Custom Tokenizer help

Hi,

I am creating a custom tokenizer in Spanish to execute the add_tokens function in an annotations file with spans completed splitting the tokens as I want. I have already updated the tokenizer of the blank:es model to isolate the punctuation marks in different tokens. Examples:

  • Secretario/a -> ["Secretario", "/", "a"]
  • Vitoria-Gasteiz -> ["Vitoria", "-", "Gasteiz"]
  • Hola. -> ["Hola", "."]

I have done this including as prefixes, infixes and suffixes all the symbols available with Regex:

prefixes = nlp.Defaults.prefixes + [r'''[!"\#$%&'()*+,\-./:;<=>?@\[\\\]^_‘{|}~]''']
prefix_regex = spacy.util.compile_prefix_regex(prefixes)
nlp.tokenizer.prefix_search = prefix_regex.search

infixes = nlp.Defaults.infixes + [r'''[!"\#$%&'()*+,\-./:;<=>?@\[\\\]^_‘{|}~]''']
infix_regex = spacy.util.compile_infix_regex(infixes)
nlp.tokenizer.infix_finditer = infix_regex.finditer

suffixes = nlp.Defaults.suffixes + [r'''[!"\#$%&'()*+,\-./:;<=>?@\[\\\]^_‘{|}~]''']
suffix_regex = spacy.util.compile_suffix_regex(suffixes)
nlp.tokenizer.suffix_search = suffix_regex.search

NOTE: I'm not sure if with this Regex syntax it performs exactly as I want.

But in cases as this text fragment:
Secretario/a.
It splits the tokens in:
["Secretario", "/", "a."]
When I want:
["Secretario", "/", "a", "."]
And with this problem I found future token missmatching errors.

I am pretty sure that this is happening because it interprets .a as part of an acronym.
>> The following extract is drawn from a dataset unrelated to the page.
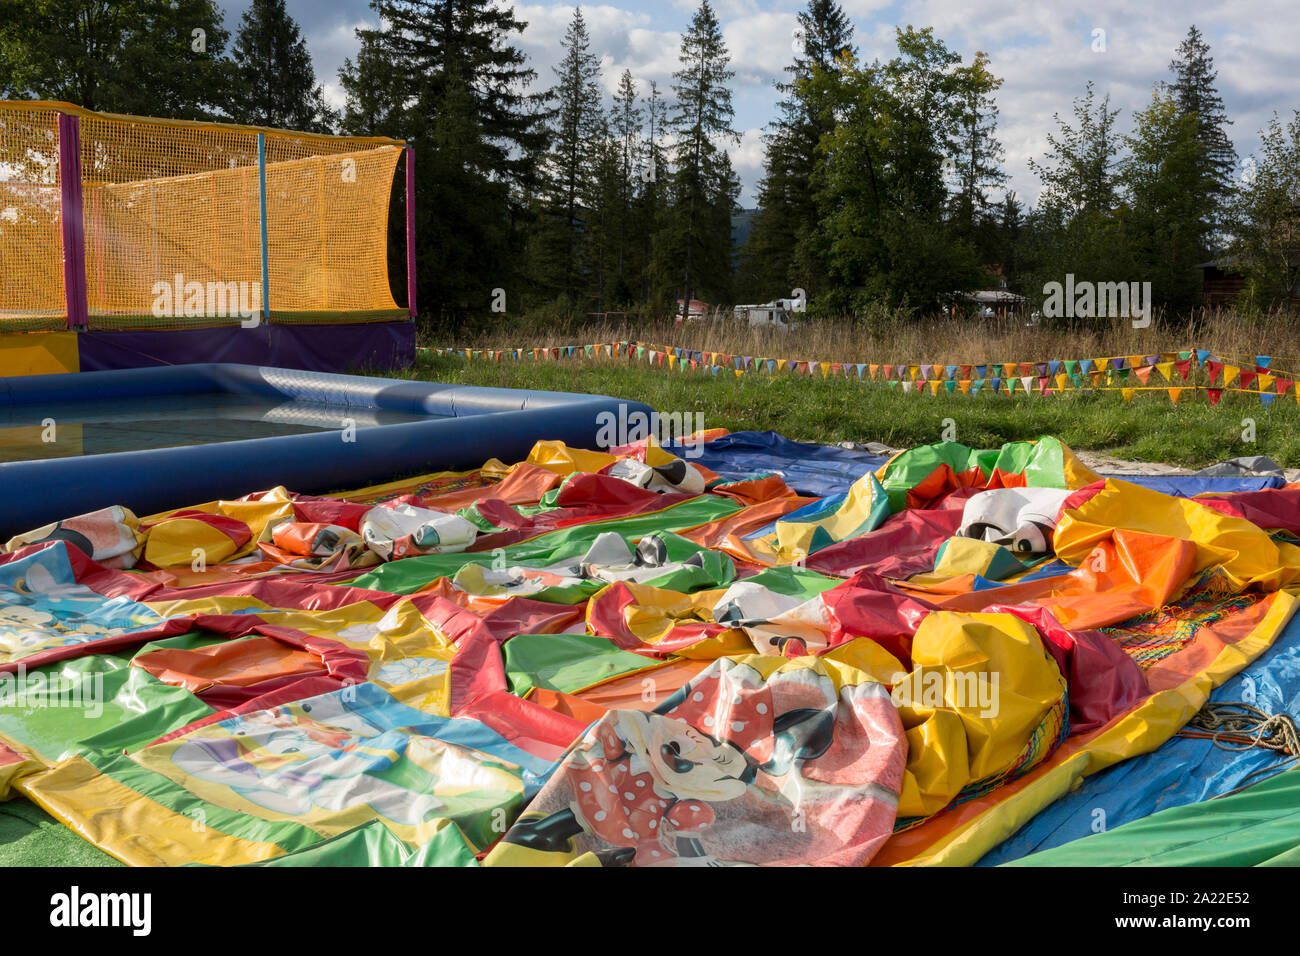 A landscape of a Polish version of Disneyland that features a deflated childrens' inflatable bouncy castle, on 18th September 2019, near the Wielka Krokiew ski jump, Zakopane, Malopolska, Poland. Stock Photo

So, how can I change that problem at the Tokenizer and obtain the results I want?

Thanks for your question and thanks for reposting your question on the spaCy GitHub discussion. Generally spaCy specific questions are better for that forum as Prodigy Support is best for Prodigy-specific questions.

I'll repost the answer from @polm below for anyone interested.


This is a bit tricky because what you want to do here is remove an existing special case.

First, you can figure out what's going on using the explain method:

nlp.tokenizer.explain("Secretario/a.")
# => [('TOKEN', 'Secretario'), ('INFIX', '/'), ('SPECIAL-1', 'a.')]

SPECIAL refers to a tokenizer exception in this case.

You can remove a tokenizer exception by modifying tokenizer.rules, like this:

rules = nlp.tokenizer.rules
del rules["a."]
nlp.tokenizer.rules = rules

In your case, it sounds like you might want to do this for every lowercase letter. That should be easy to do in a for loop, but if you want to remove more exceptions then it might be better to make your own language subclass where you control the exceptions directly. See the guide to language subclassing or the Spanish definition for an example of what that looks like.